Extramedullary plasmacytomas are less common than bone marrow involvement by plasma cells as bone marrow provides a favorable microenvironment for plasma cell proliferation (9). The incidence of solitary bone plasmacytoma (SBP) is 5% and even lesser in solitary soft tissue plasmacytoma. 25% of SBP have evidence of systemic disease and have a high incidence of progression to MM if the systemic disease is not present on initial presentation. Contrarily, SEP is associated with a better prognosis (9). A retrospective review analyzing the response to treatment in SEP reported favorable outcomes: 85% of cases remained disease-free and 78% were alive in 15 years (7). The scenario where EMD is present in an existing MM patient is quite different; the prognosis of such patients is dismal. Rosenberg et al reported post-orchiectomy survival to be around 5 weeks to 48 months. Moreover, patients who relapse without EMD involvement have a much longer overall survival than patients with evidence of EMD (109 vs. 38 months; p<0.001). Also, when doing a comparison within EMD, bone-related EMD is associated with better overall survival compared to soft-tissue EMD (45 vs. 30 months; p=0.022) (10).

Testicular plasmacytoma is a rare occurrence and accounts for 0.03% to 0.1% of all primary and secondary testicular neoplasms.

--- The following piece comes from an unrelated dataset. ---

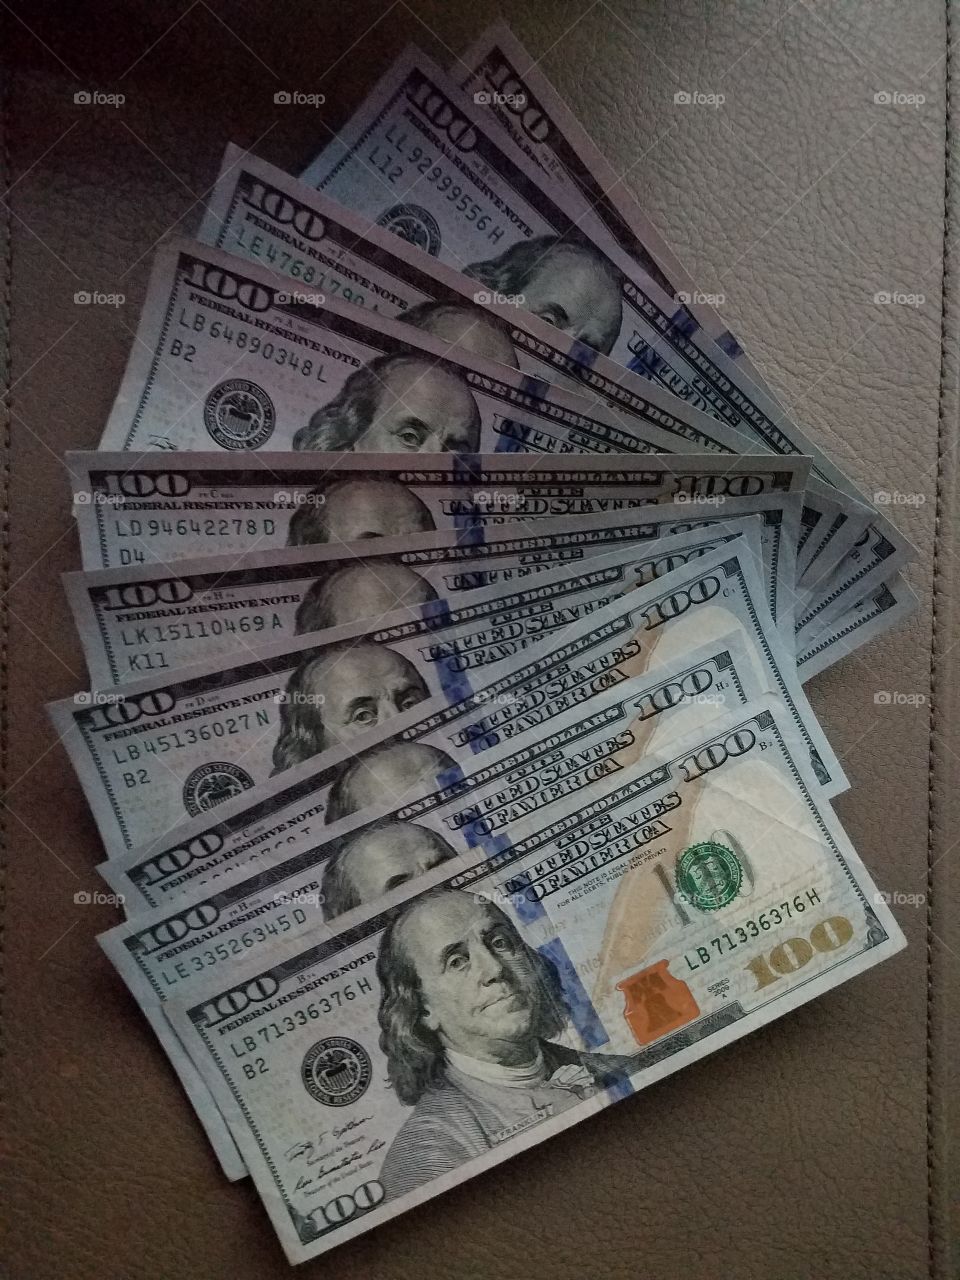 All About the Benjamin's

Testicular plasmacytomas usually occur in patients with systematic multiple myeloma, either at diagnosis or at relapse (11). It is proposed that the testes serve as a sanctuary site for hematological malignancies because of the presence of testicular-blood barrier (1). Hence it is imperative to keep a high index of suspicion for testicular plasmacytoma in the right clinical context when evaluating a patient with known MM. Even in our case, patient’s testicular plasmacytoma was initially mistaken for epididymo-orchitis and was treated with antibiotics.

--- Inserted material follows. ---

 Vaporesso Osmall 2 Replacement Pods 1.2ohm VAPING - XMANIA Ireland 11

This is reminiscent of acute lymphoblastic leukemia (ALL) where up to 17% of patients in complete remission present with testicular involvement of ALL, making the male sex a negative prognostic factor (12). Historically, testicular involvement of ALL has been well-described and well researched. Possible mechanisms for chemotherapy resistance in the testes include: i) Presence of different leukemic clone in the testes compared to the bone marrow; ii) Tight junctions between the myoid cells and Sertoli cells preventing large chemotherapeutic molecules from penetrating into the seminiferous tubules; iii) Lower concentration of chemotherapy in the interstitium where the leukemic cells are situated in the testes; iv) Cooler temperature of the testes which makes the chemotherapeutic agents less effective; v) Testes being an immune-privileged site due to the presence of prostagladin E2, anti-inflammatory cytokines and complement inhibitors (13). With the introduction of high-dose methotrexate and improves systemic chemotherapy, orchiectomy and irradiation is rarely needed in ALL involving the testes (13). Moreover, the rates of testicular relapse have significantly reduced with modern intensive chemotherapy. Lessons learnt from ALL can be incorporated into testicular plasmacytoma as well.

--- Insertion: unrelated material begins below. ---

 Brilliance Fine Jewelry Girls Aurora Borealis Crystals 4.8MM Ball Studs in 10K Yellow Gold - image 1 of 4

Some factors may be associated with soft tissue EMD. IgD associated MM has often been associated with an increased incidence of EMD (14). Moreover, allogeneic transplantation (Allo-T) with dose reduced-intensity-conditioning has a higher frequency of EMD occurrence when compared with autologous stem-cell transplantation (ASCT) (15). Thirty-two percent of patients who underwent Allo-T for MM relapsed with EMD involvement in patients who underwent Allo-T for MM relapsed with EMD involvement in 25 patients. This percentage was 9-14% after ASCT (16). There are several theories to suggest why EMD occurs after Allo-T. Firstly, young, sicker patients with poor prognostic factors are usually the population who is offered Allo-T which inherently increases the risk for EMD relapse. Secondly, the graft-vs-myeloma effect is more effective in the bone marrow than extramedullary sites (16). Whether novel agents used for treatment of MM contribute to the development of EMD remains a topic of much debate. However, the literature available on this topic does not seem to support this hypothesis. Pour et al looked at 226 patients with MM, and they did not find an association between EMD relapse and novel agents used for treatment of MM (lenalidomide/bortezomib). It is possible that treatment leads to increase in lifespan which then leads to an increased risk of EMD (11). Interestingly, one of the things that can trigger plasmacytomas are surgical site incisions. Hence, they can be seen in laparotomy scars and catheter site insertions (15).

The pathophysiology behind the extramedullary spread of MM has been described in the literature. Plasma cells adhere to the bone-marrow endothelium by means of adhesion molecules which include VLA-4 and CD44. Down-regulation of these molecules has been proposed as a possible mechanism of hematogenous spread of plasma cells. Moreover, chemokine receptors like CCR1, CCR2 and CXCR4 that enable these adhesion molecules to work can also be downregulated, which too can lead to the extramedullary spread of disease (15).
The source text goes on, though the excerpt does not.